Весной, после нашей деятельной и рабочей зимы, мы уехали в Париж, а оттуда в Ментону. Уехали вдвоем с Д. С., так как Д. Ф. надо было кончить какие-то семейные дела, а кроме того — он был в очень мрачном настроении. Это скоро объяснилось ухудшением его здоровья: мучительные припадки печени. Узнав об этом в Ментоне, мы с Д. С. решили вызвать его скорее к нам, и он приехал. Первое время припадки продолжались, но затем он стал поправляться, а с поправлением улучшилось и его душевное состояние.

13

В Ментоне тогда жил И. Бунаков и женой (и с кучей ее родственников), а Б. Савинков поселился в Сан-Ремо. С ним, кроме новой жены и нового, новорожденного, сына, оставалась и очень больная, почти умирающая, Мария Прокофьева, ‘невеста Сазонова’, чье ‘неземное лицо’ нам так нравилось. С Бунако-вым и его женой, маленькой Амалией, мы постоянно виделись. Намеревались, конечно, поехать и в Сан-Ремо. Теперь, после процесса, Д. С. был особенно беспечен и отнюдь не думал прекращать ‘знакомства’ с опасными друзьями. Да ведь самые опасные были теперь ‘безработными’, а в Бунакове замечалось даже ‘поправенье’: уверял, что в партии у них идут теперь толки больше о ‘культурной’ работе.

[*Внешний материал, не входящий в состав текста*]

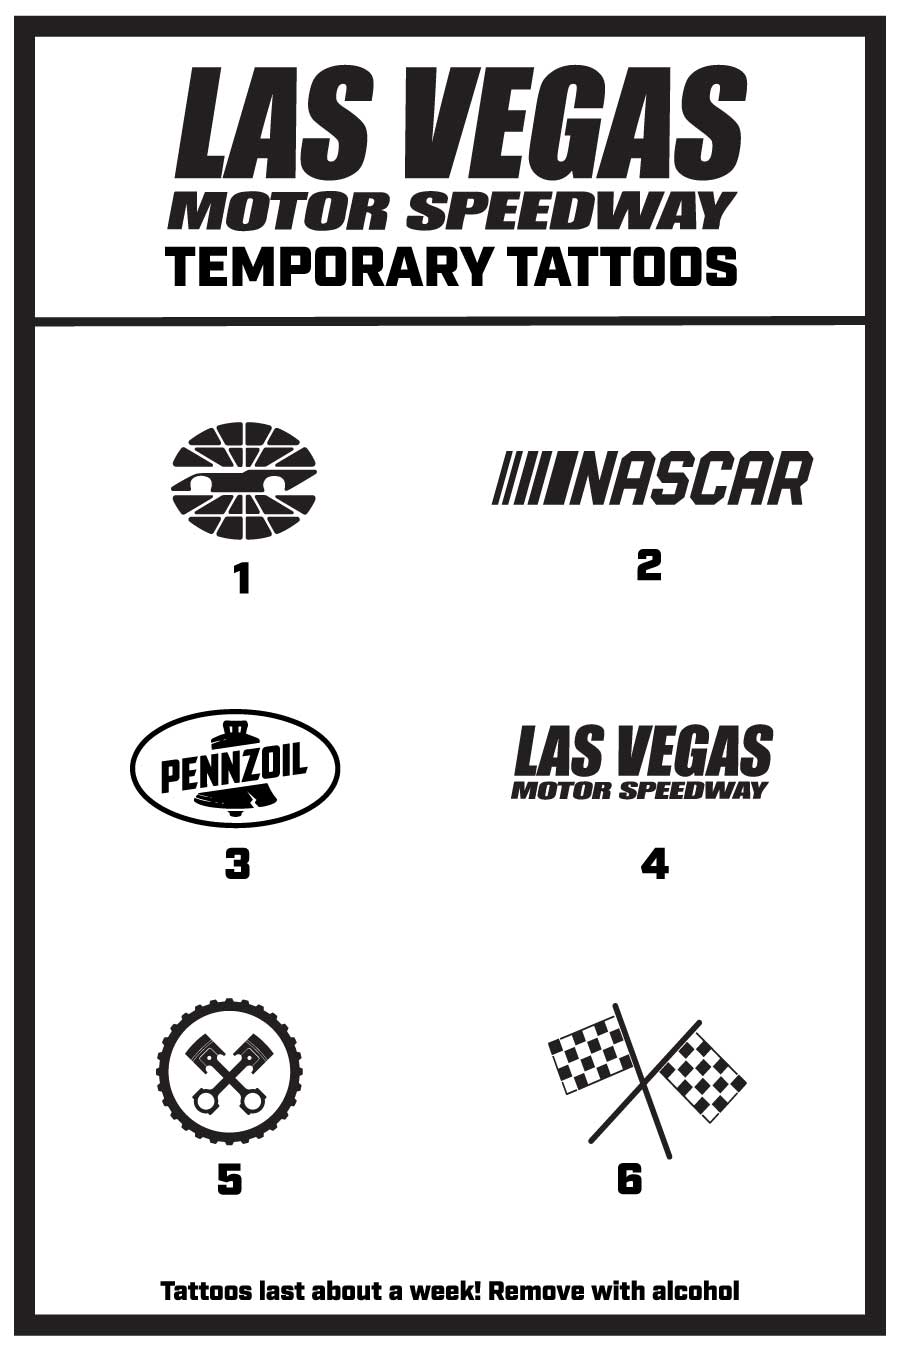 Faux Tattoo Studios Experiential Temporary Tattoo Events 549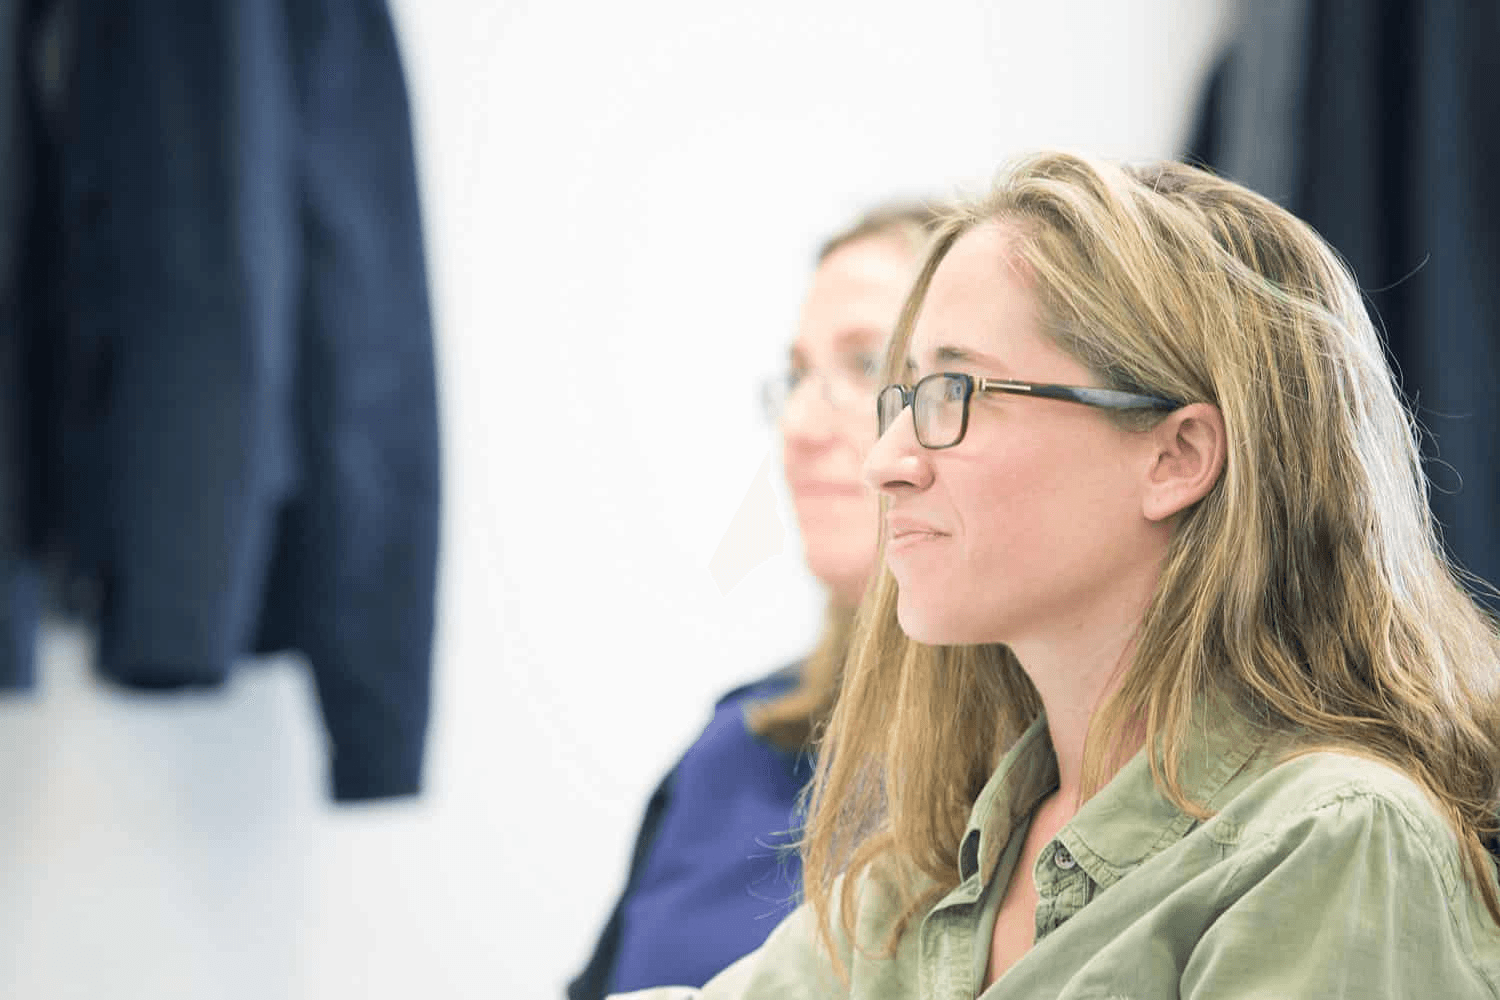 Blonde woman with glasses in a class

Поехать из французской Ментоны в итальянское Сан-Ремо не составляло никакого труда: стоило взять автомобиль — и через час или полтора мы на месте, в Италии. До первой войны в Европе границ между государствами почти не существовало. Только и была одна настоящая граница — русская.
Амалия после Дабоса немного поправилась, но была еще слаба и больше лежала на террасе своей виллы. К ней из Москвы приехала ее мать,— младшую дочку она обожала. Толстая еврейка,— таких своеобразных мы еще не видали,— была известная в тех кругах ‘Мамася’. По-русски не говорила, или так, что понять ее было нельзя. Ее муж, отец Амалии, недавно умерший, был невероятно богат. Правоверный еврей, он звался цадиком, что ли, не знаю, как это у них считается. И ‘мамася’, по традиции их московского дома, каждую пятницу зажигала и здесь, на бунаковской вилле, длинные свечи на косо поставленном столе и бормотала бесконечные молитвы. Мимо проходивший Бунаков только заметил: ‘Мамаша-то как усердно молится!’ Нечего говорить, что у них самих ни от каких еврейских обычаев и следа не оставалось. Бунаков по природе был склонен к христианству, у Амалии Евангелие на ночном столике даже лежало, но когда являлась ‘мамася’ — они старались старуху ничем не оскорблять. Как-то в субботу я была у них. Амалия получила письмо. Хотела разорвать конверт, но вдруг остановилась и протянула письмо мне. При мамаше, тут же сидевшей, это могла сделать только я, послужив на сей раз ‘шабес-гойкой’.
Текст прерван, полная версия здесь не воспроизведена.